Where $E_{ref}$ is the reference model against which we are evaluating performance. Clearly, as the error of our new model ($E$) tends to zero, SS approaches one. If the new model does not do such a good job as the reference ($E$ >$E_{ref}$) , the SS will be negative. 

In what follow we will import the data processed in the last session, where we modelled the day-of-year mean temperature climatology using two approaches:

- 'doy_mean' = the temperature for any day was modelled as the arithmetic mean of all temperatures observed on the same calendar day (irrespective of year)
- 'clim' = a sine wave was fitted to the daily mean temperature series

We then will compute the error metrics on these models of the climatology, enabling us to evaluate which is a more appropriate climatology baseline in our assessment of daily mean air temperature forecasting skill for Loughborough campus. 

### Tips for the assignment 
Remember that your assignment is a write-up of the different modelling approaches, including your judegment of which method we should use in an operational forecasting application. All of these practical sessions will therfore be highly relevant, as they will essentially provide you with the output needed to complete the assignment. Note, however, that they will *not* repeat things -- even though that may be what you need to do. For example, today we will run code segments to compute error metrics, and it is expected that you will be able to do this $\it{yourself}$ to evaluate the performance of other models we test in the future. What this means in practice is that you are expected to be able to copy/paste/edit the code segments I provide to you -- so that you can, for example, use the error metrics -- across *all* models -- to underpin your conclusion as to which model we should use at Loughborough University. I will regularly remind you of this in the closing instructions for each practical session (under the section: 'Your challenge -- to be completed before the next practical'). The challenges there will often require you to adapt code from other practical sessions to get the job done; and the output may be very useful for your assignment. 

## Instructions

Begin by importing the pandas, numpy, and matplolib modules:

In [53]:
import pandas as pd, numpy as np, matplotlib.pyplot as plt

We are now going to read in the .csv file we saved at the end of the last session. To enable this code block to run, you will need to replace the string assigned to 'fin' with the full path of where you saved the file; if you are unsure where this is, check your code from the last session. 

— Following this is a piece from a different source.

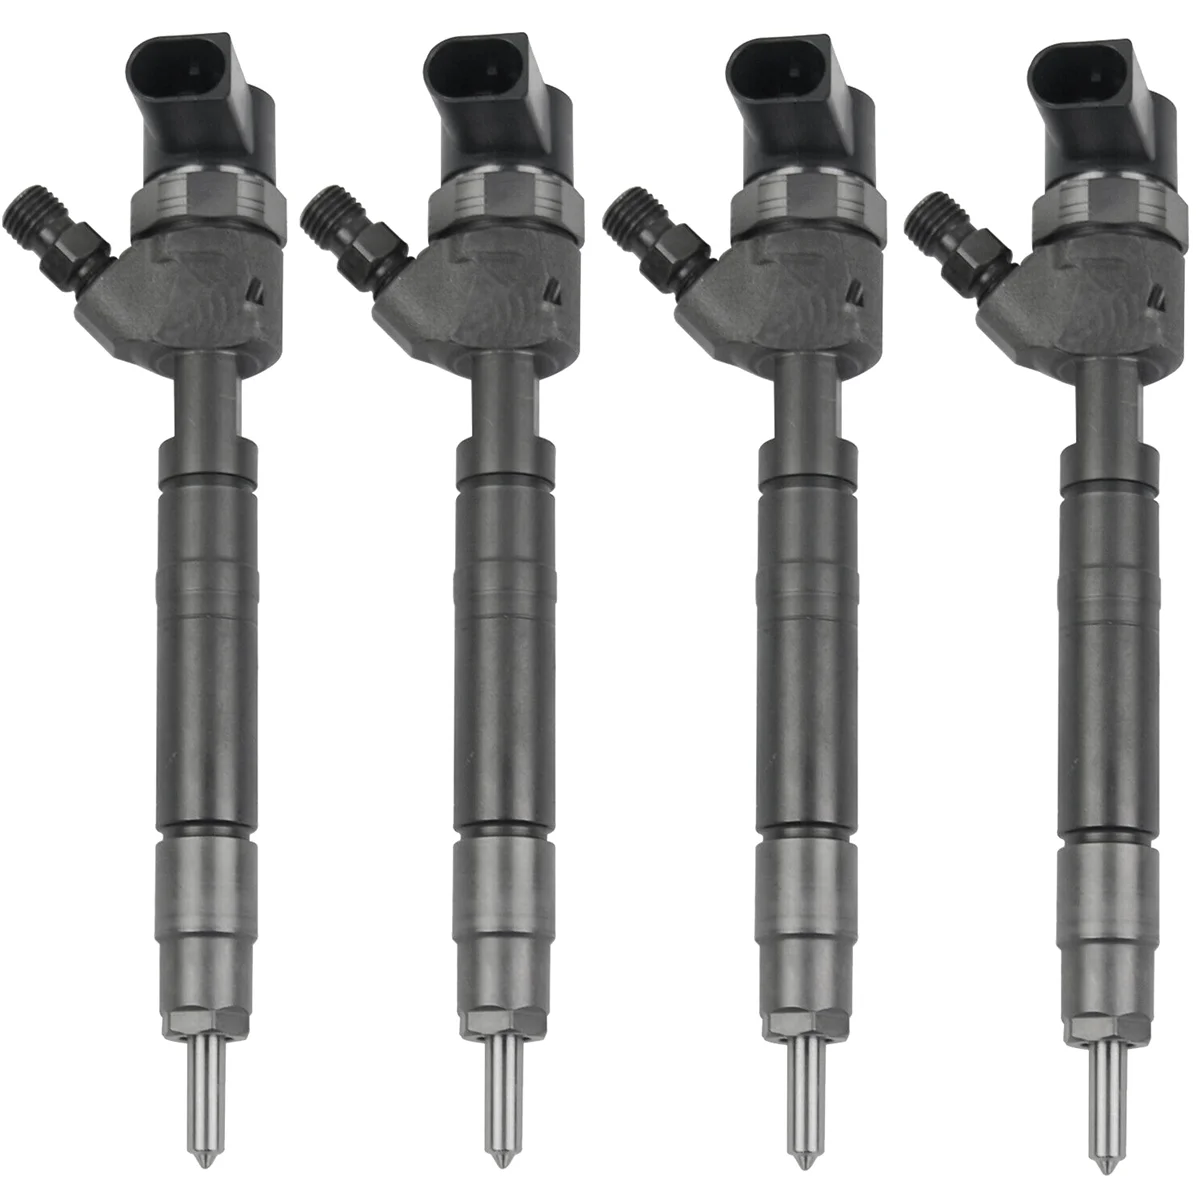 

4PCS 0445110035 0445110096 New Crude Oil Fuel Injector Nozzle for Mercedes-Benz ML270 E320 CDI A6130700587 A6130700187

Importantly, I want you to pay close attention to how we read in the file using the read_csv method of the pandas module. You will use this in almost every session, and you may need to recycle this code independently for your assignment. Note that there are three arguments (or, 'options') whose value I set: 'filepath_or_buffer', 'parse_dates', and 'index_col'. There are many more you *could* set (see here: https://pandas.pydata.org/pandas-docs/stable/reference/api/pandas.read_csv.html), but this is all we need to make sure things are set up correctly. Often, getting your data read in correctly can take a few attempts as you iterate towards success: try -> inspect data -> change options -> try...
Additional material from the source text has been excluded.